虽然特征选择是一个非常发达的研究领域，但仍然需要开发使分类器更有效的方法。一个重要的挑战是缺乏一种通用的特征选择技术，这种技术可以在所有类型的分类器上产生相似的结果。这是因为所有的特征选择技术都有各自的统计偏差，而分类器利用数据的不同统计属性进行评估。在许多情况下，这可能会使研究人员陷入困境，即从大量的选择中选择哪种特征选择方法和分类器。在本文中，我们提出了一种聚合各种特征选择方法的共识属性以开发更优解的技术。我们技术的集成特性使其在各种分类器上更加健壮。换句话说，它可以稳定地在各种分类器中实现相似的、理想的更高的分类精度。我们用一种称为稳健性指数(RI)的度量来量化稳健性的概念。我们在8个不同维度的数据集上对我们的技术进行了广泛的实证评估，包括心律失常、肺癌、马德龙、mft -fourier、互联网广告、白血病-3c和胚胎肿瘤，以及一个现实世界的数据集，即急性髓性白血病(AML)。我们不仅证明了我们的算法更具鲁棒性，而且与其他技术相比，我们的算法在广泛的分类器上将分类精度提高了大约3-4%(在少于500个特征的数据集上)和超过5%(在超过500个特征的数据集上)。

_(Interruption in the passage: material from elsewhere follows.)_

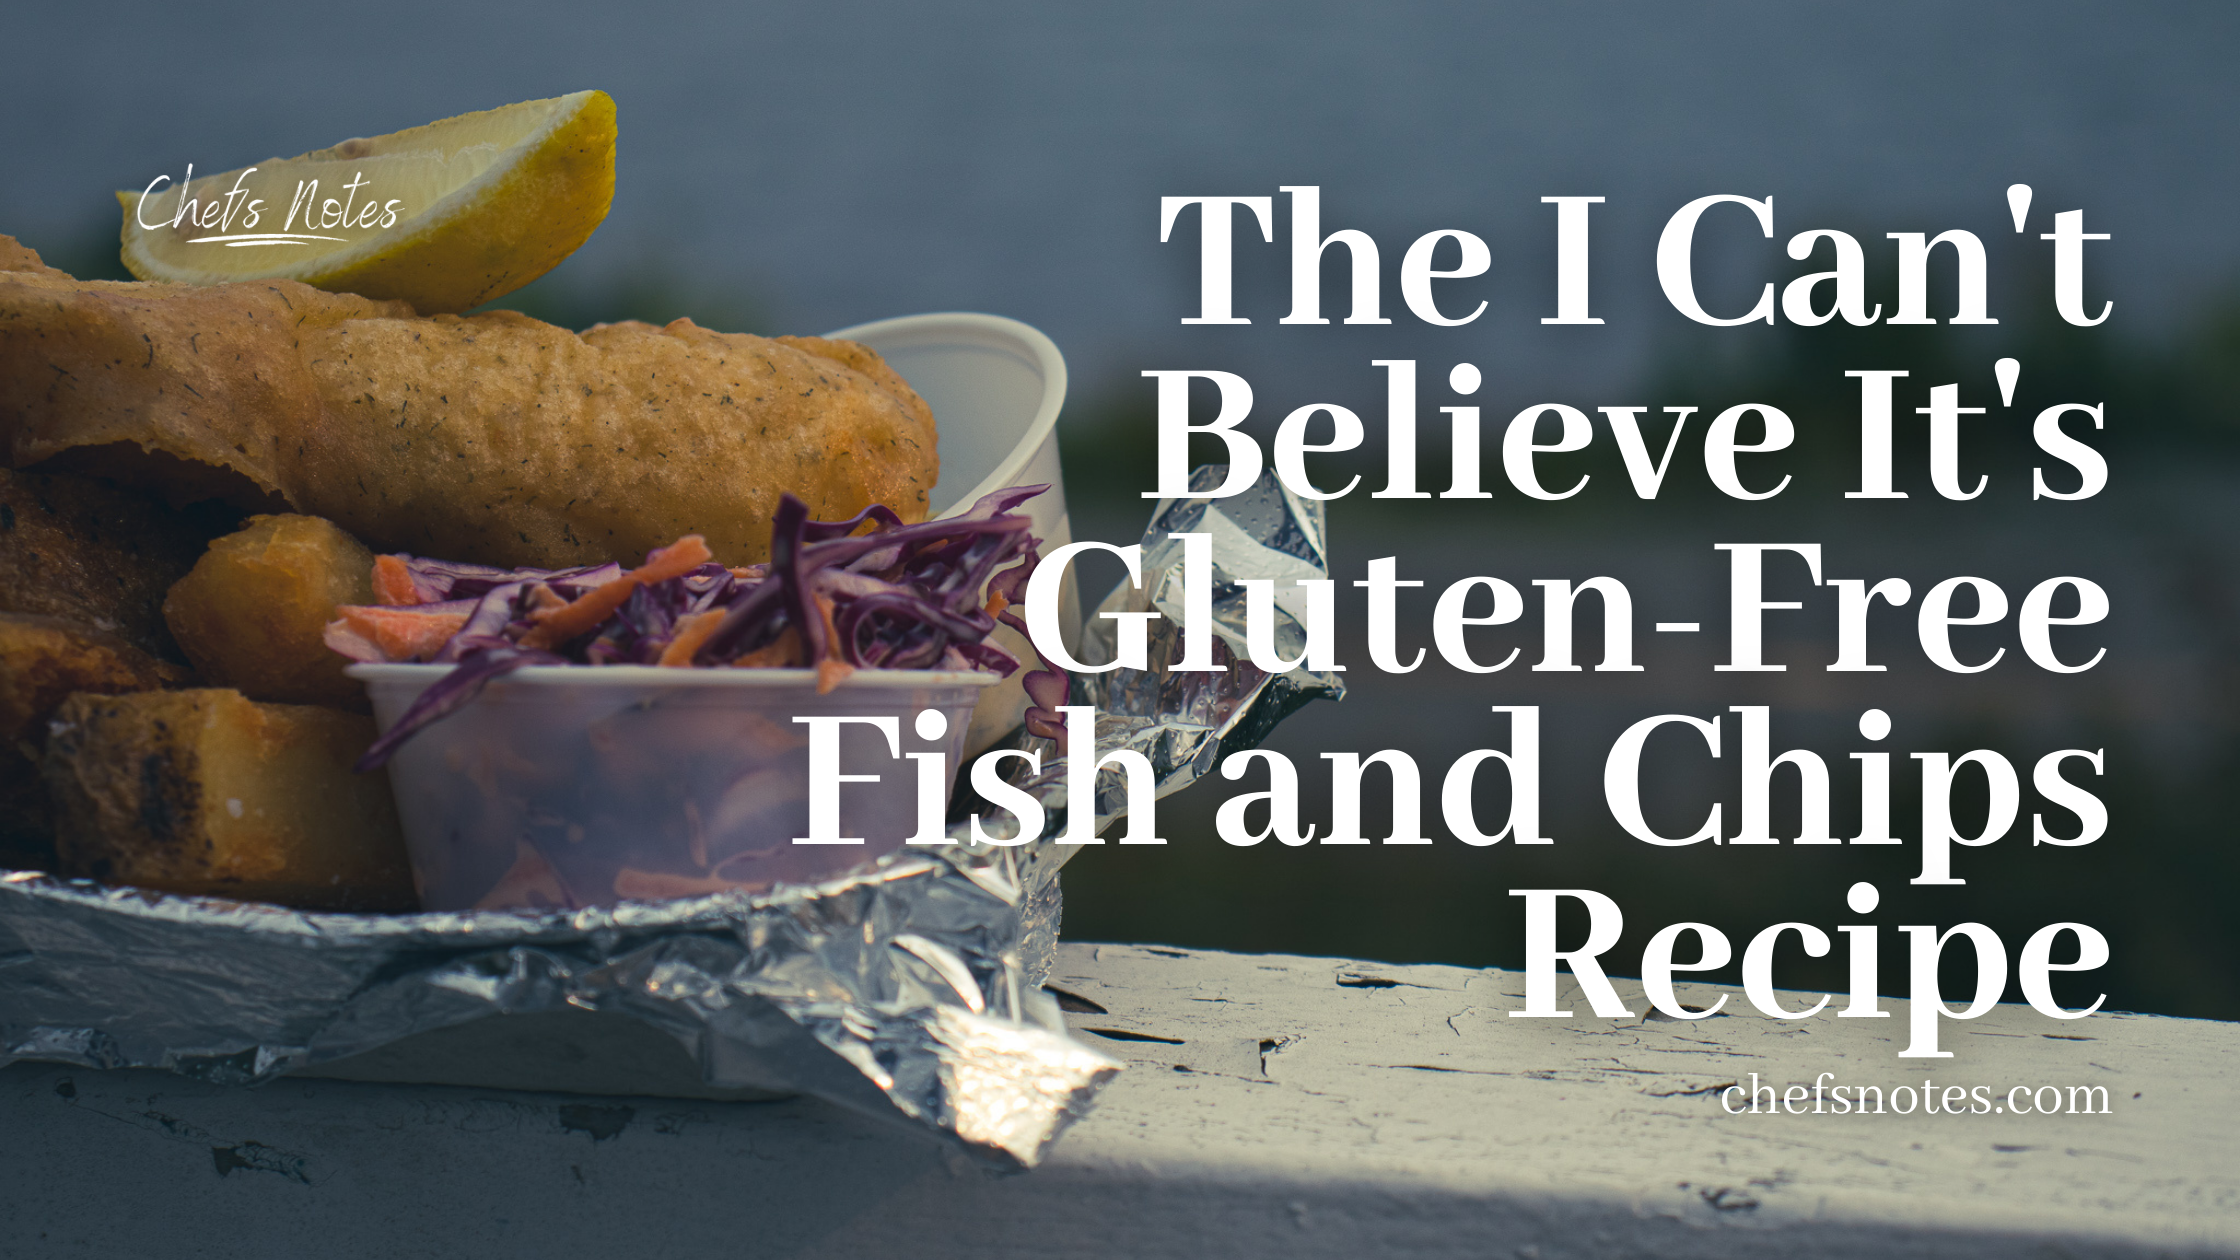 The I Can’t Believe It’s Gluten-Free Fish and Chips Recipe

本文章由计算机程序翻译，如有差异，请以英文原文为准。

求助全文

约1分钟内获得全文求助全文

来源期刊

Applied Artificial Intelligence 工程技术-工程：电子与电气

CiteScore

5.20

自引率

3.60%

发文量

106

审稿时长

6 months

期刊介绍： Applied Artificial Intelligence addresses concerns in applied research and applications of artificial intelligence (AI). The journal also acts as a medium for exchanging ideas and thoughts about impacts of AI research. Articles highlight advances in uses of AI systems for solving tasks in management, industry, engineering, administration, and education; evaluations of existing AI systems and tools, emphasizing comparative studies and user experiences; and the economic, social, and cultural impacts of AI. Papers on key applications, highlighting methods, time schedules, person-months needed, and other relevant material are welcome.